Clustering- and statistic-based approach for detection and impact evaluation of faults in end-user substations of thermal energy systems

Sci Rep. 2024 Dec 31;14(1):32166. doi: 10.1038/s41598-024-82103-5.

Abstract

In response to climate change mitigation efforts, improving the efficiency of heat networks is becoming increasingly important. An efficient operation of energy systems depends on faultless performance. Following the need for effective fault detection and elimination methods, this study suggests a three-step workflow for increasing automation in managing defective substations on the user level within heat networks. The work focuses on a model region in northern Germany. The local heat network provides data in roughly hourly intervals, including the supply and return temperatures and the volume flow of the substations. Firstly, this study identifies common indicators of faults using k-means clustering analysis of the temperature data and expert knowledge: an exceeded return temperature level, very low cooling, and inverted temperature readings.
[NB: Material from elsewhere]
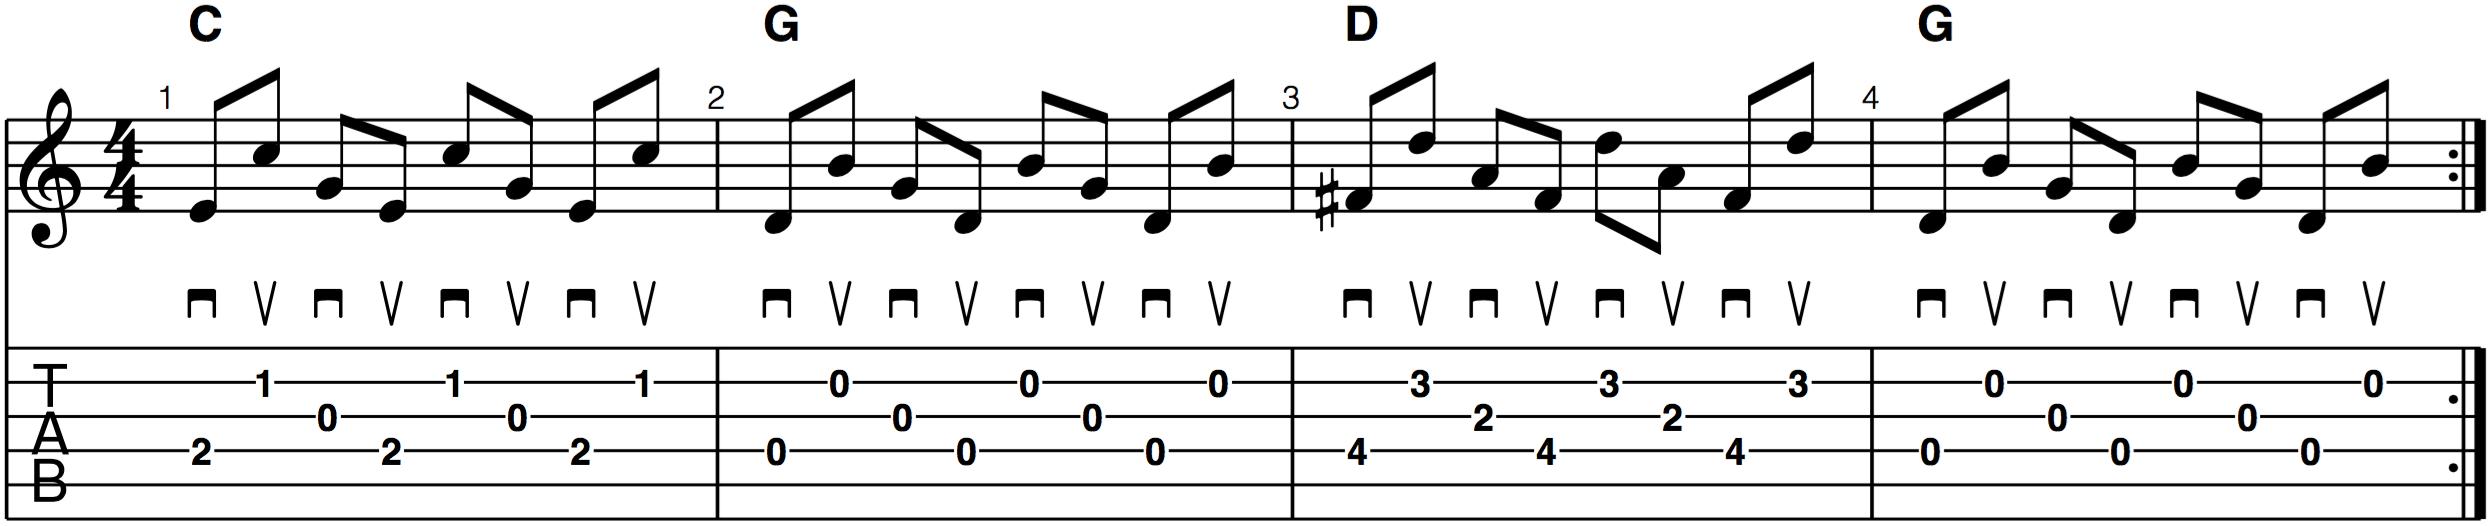 bluegrass crosspicking guitar alternate picking backward roll

With these indicators, the subsequent statistical identification approach confirms the successful detection of affected substations, with common diagnoses including disabled return temperature limitation units, defective motoric valves, and faults in the storage control. Lastly, the study evaluates the impact of faults on the system efficiency. Combining the temperature and the volume flow data, the workflow quantifies the negative influence of a fault, enabling the prioritization of fault elimination measures in practical application to enhance the overall system efficiency.

Keywords: Fault management; Heat network efficiency; K-Means clustering; Thermal energy systems.